Dataset extract:
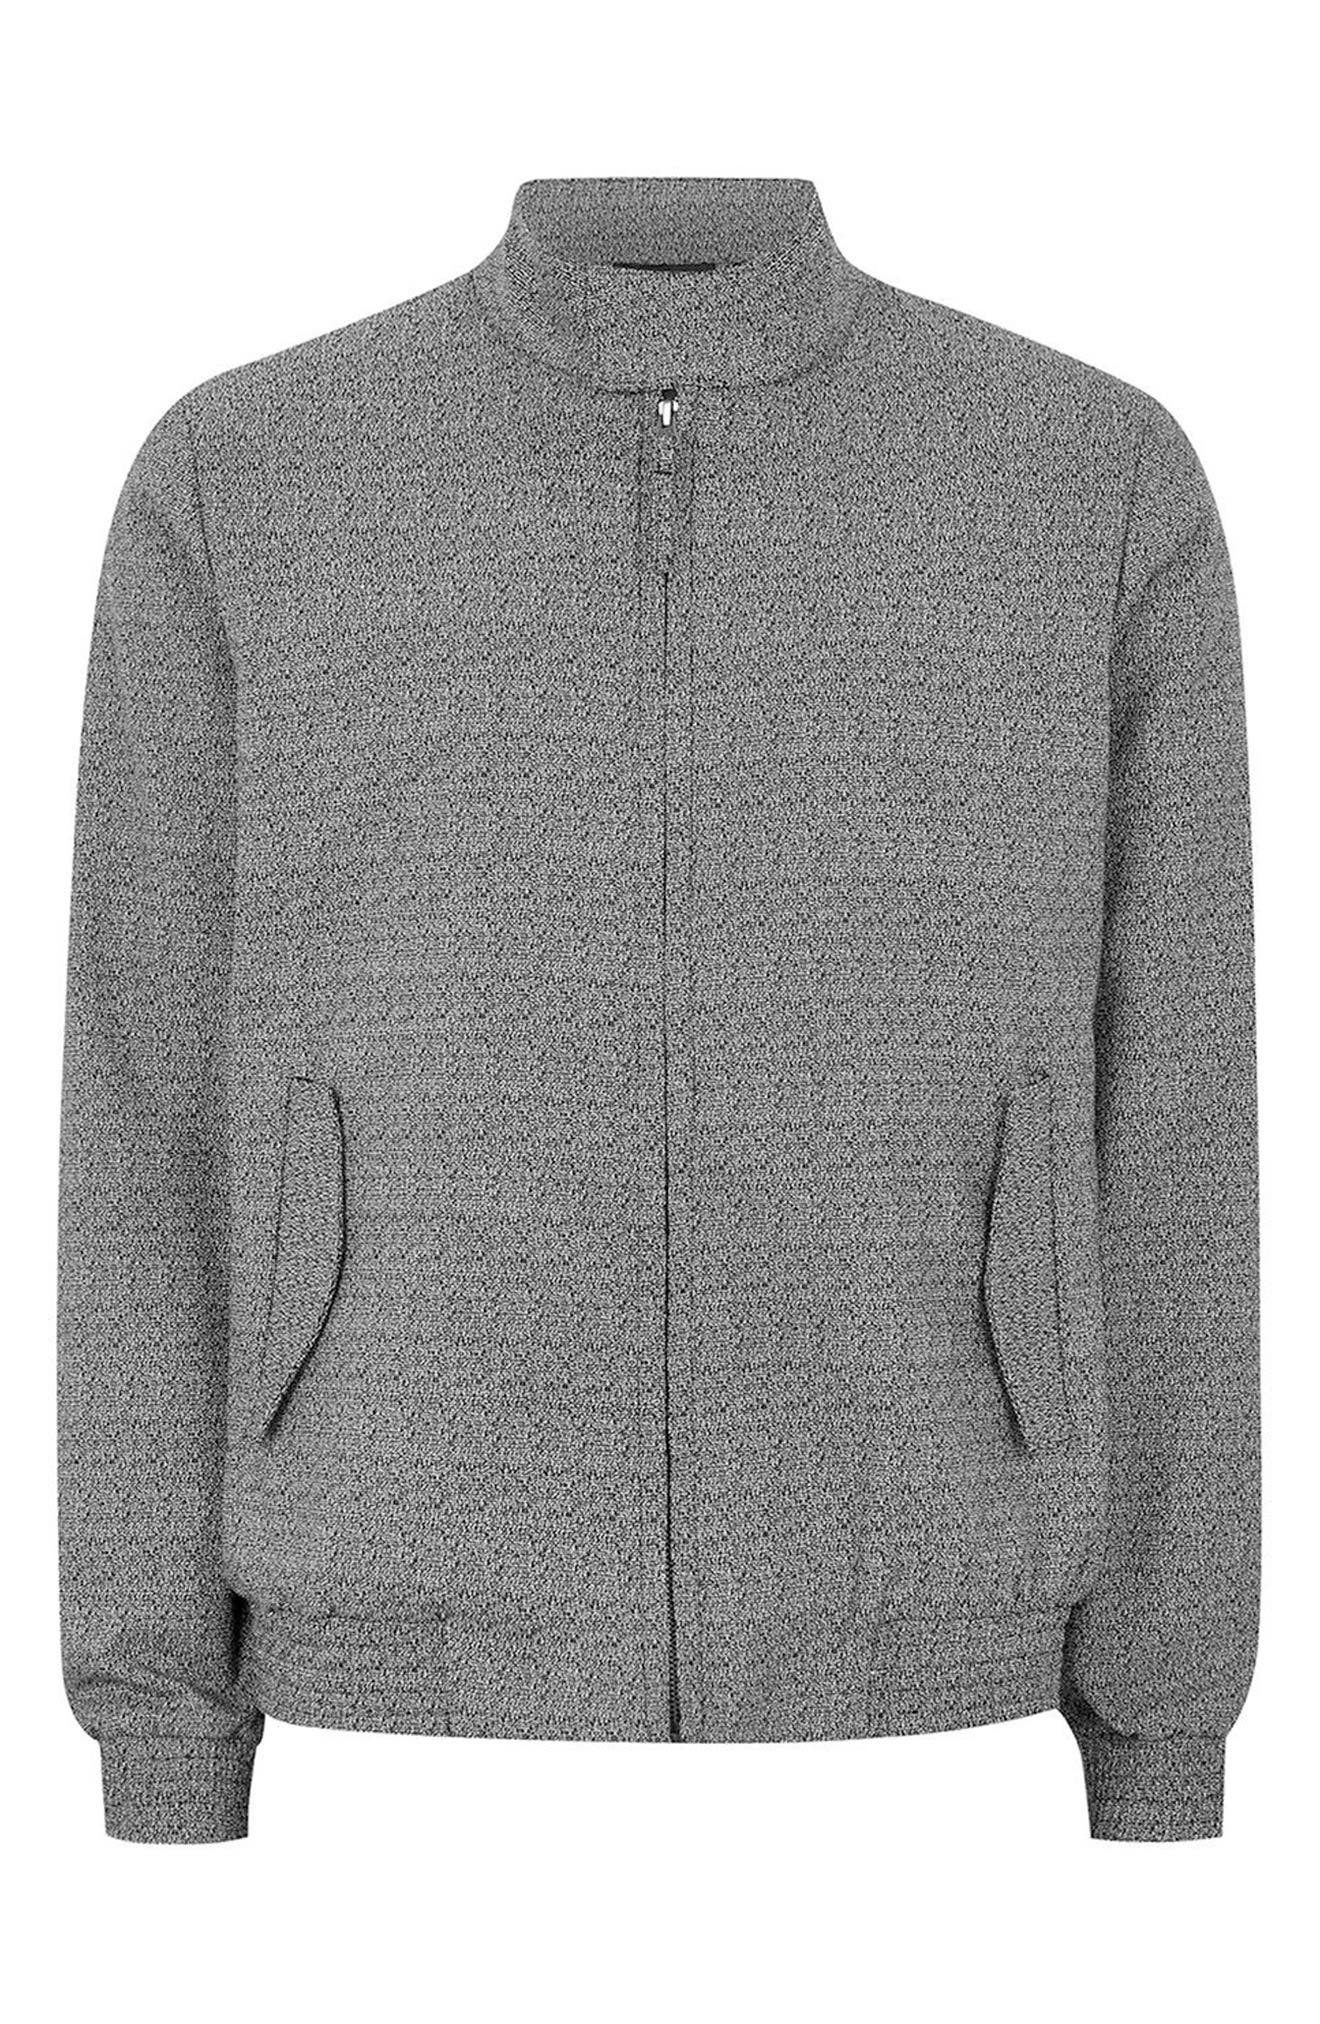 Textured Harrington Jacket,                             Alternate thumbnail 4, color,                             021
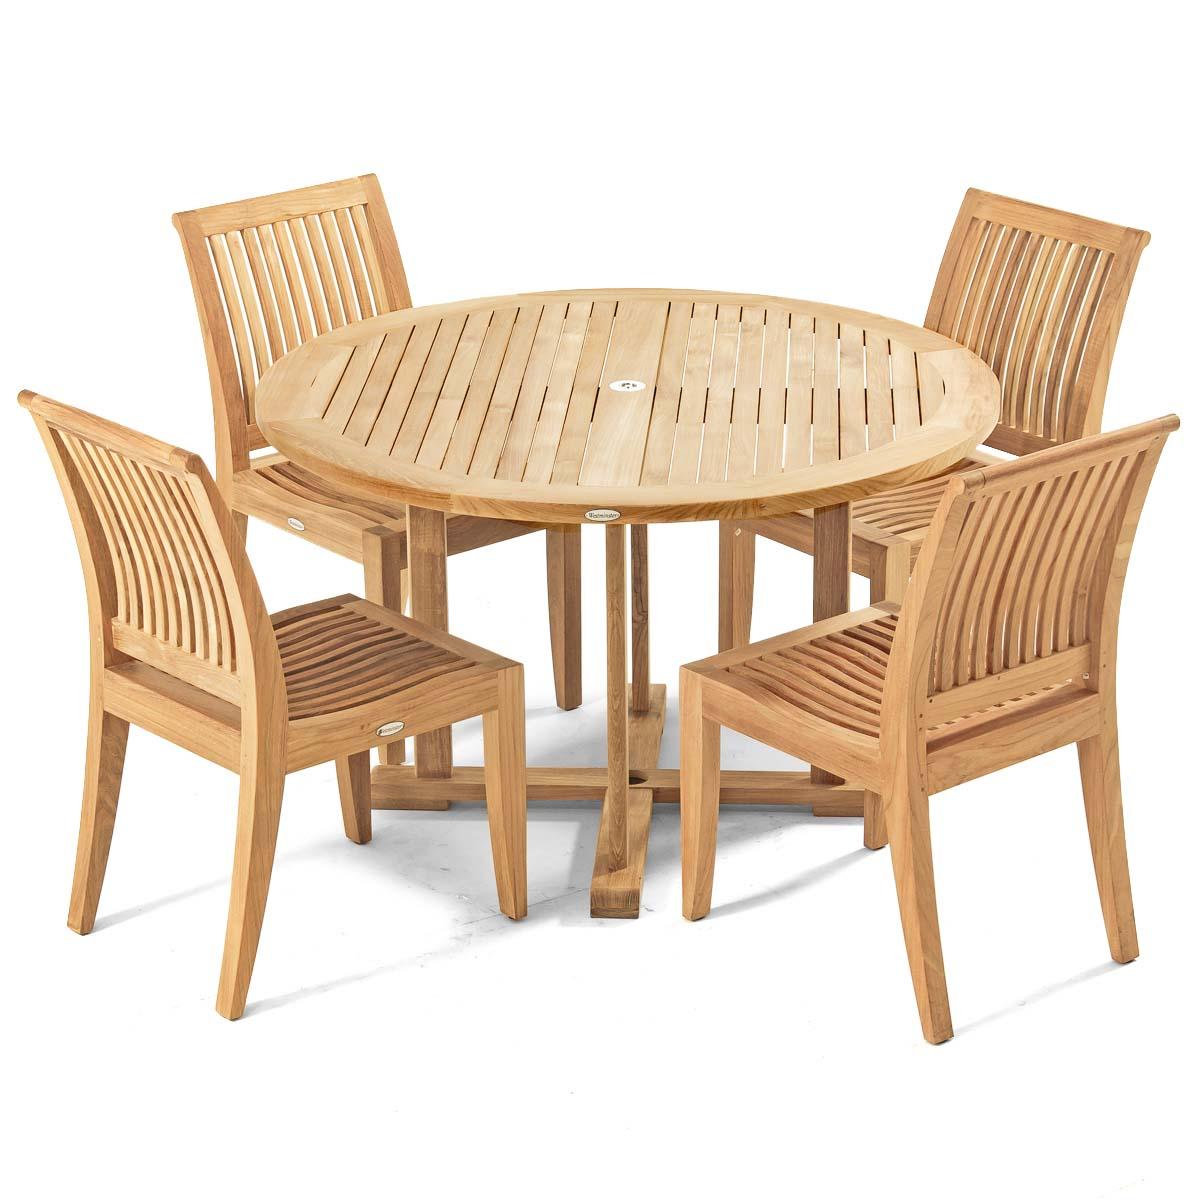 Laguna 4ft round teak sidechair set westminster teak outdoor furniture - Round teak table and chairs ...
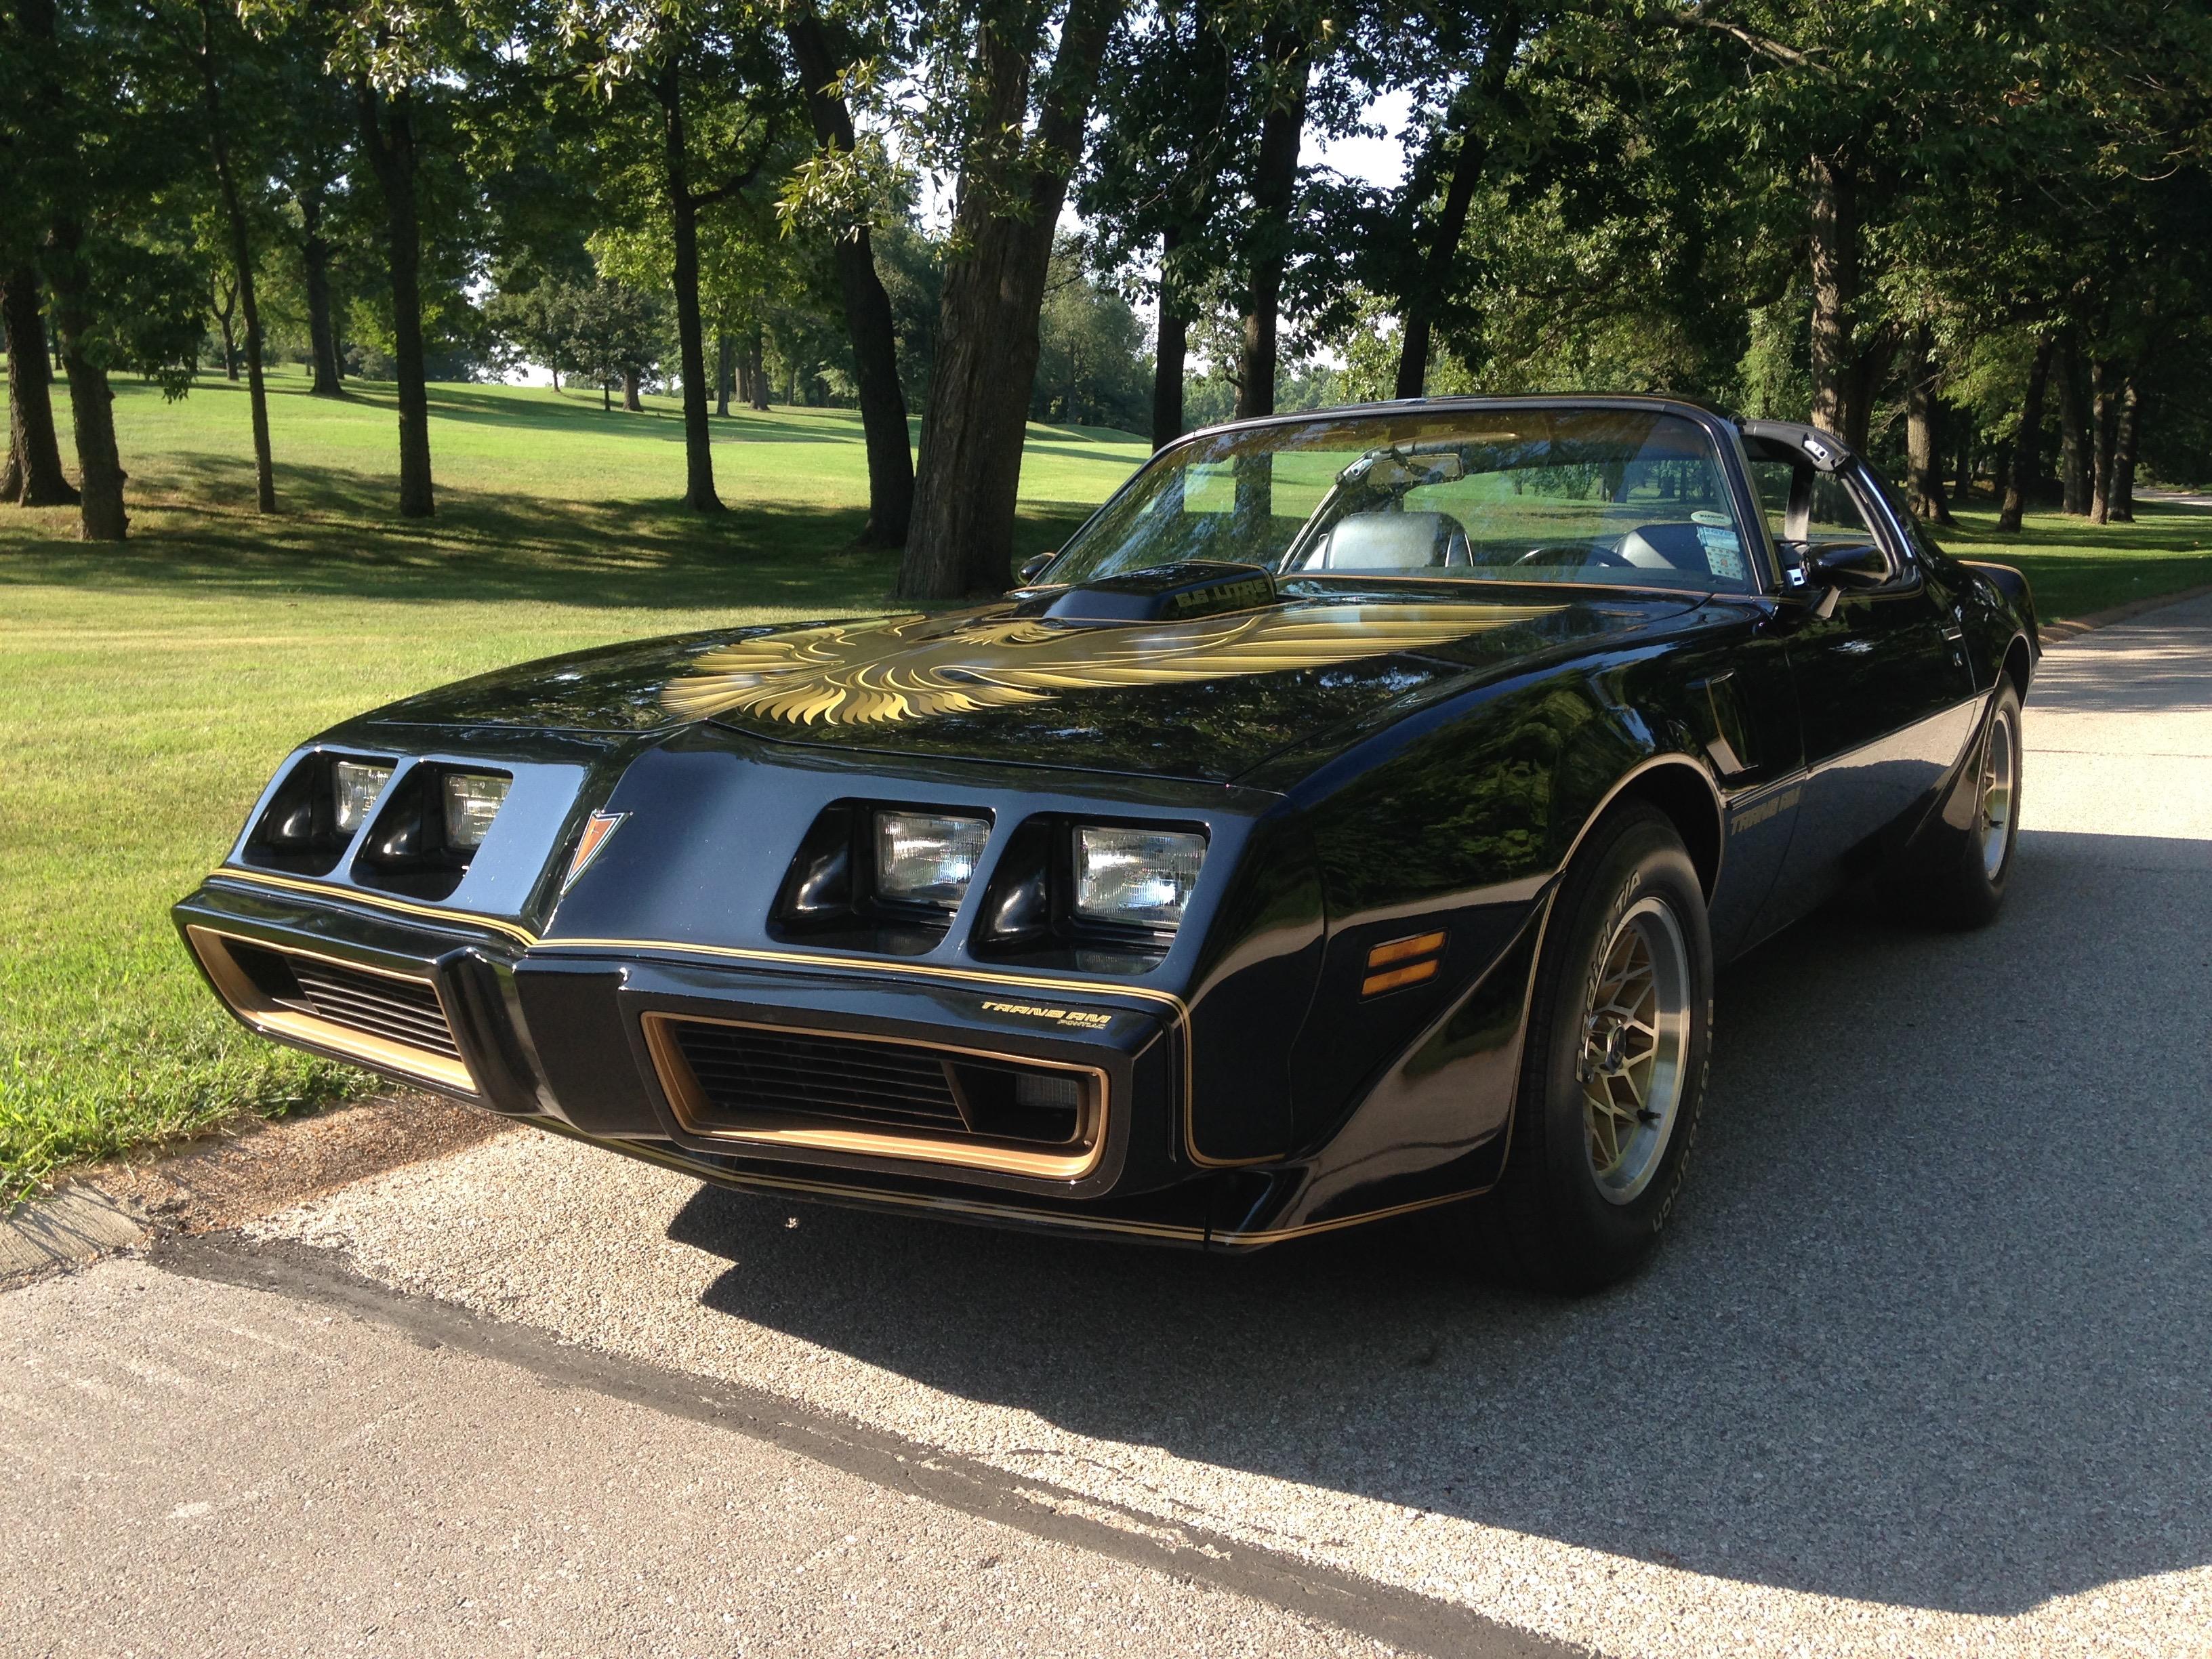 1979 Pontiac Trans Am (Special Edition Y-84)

Problem to solve: Look above for the line containing "Laguna 4ft round"; output that line and all lines after it through the last one exactly, without the pictures.

Answer to the problem:
 Laguna 4ft round teak sidechair set westminster teak outdoor furniture - Round teak table and chairs ...
 1979 Pontiac Trans Am (Special Edition Y-84)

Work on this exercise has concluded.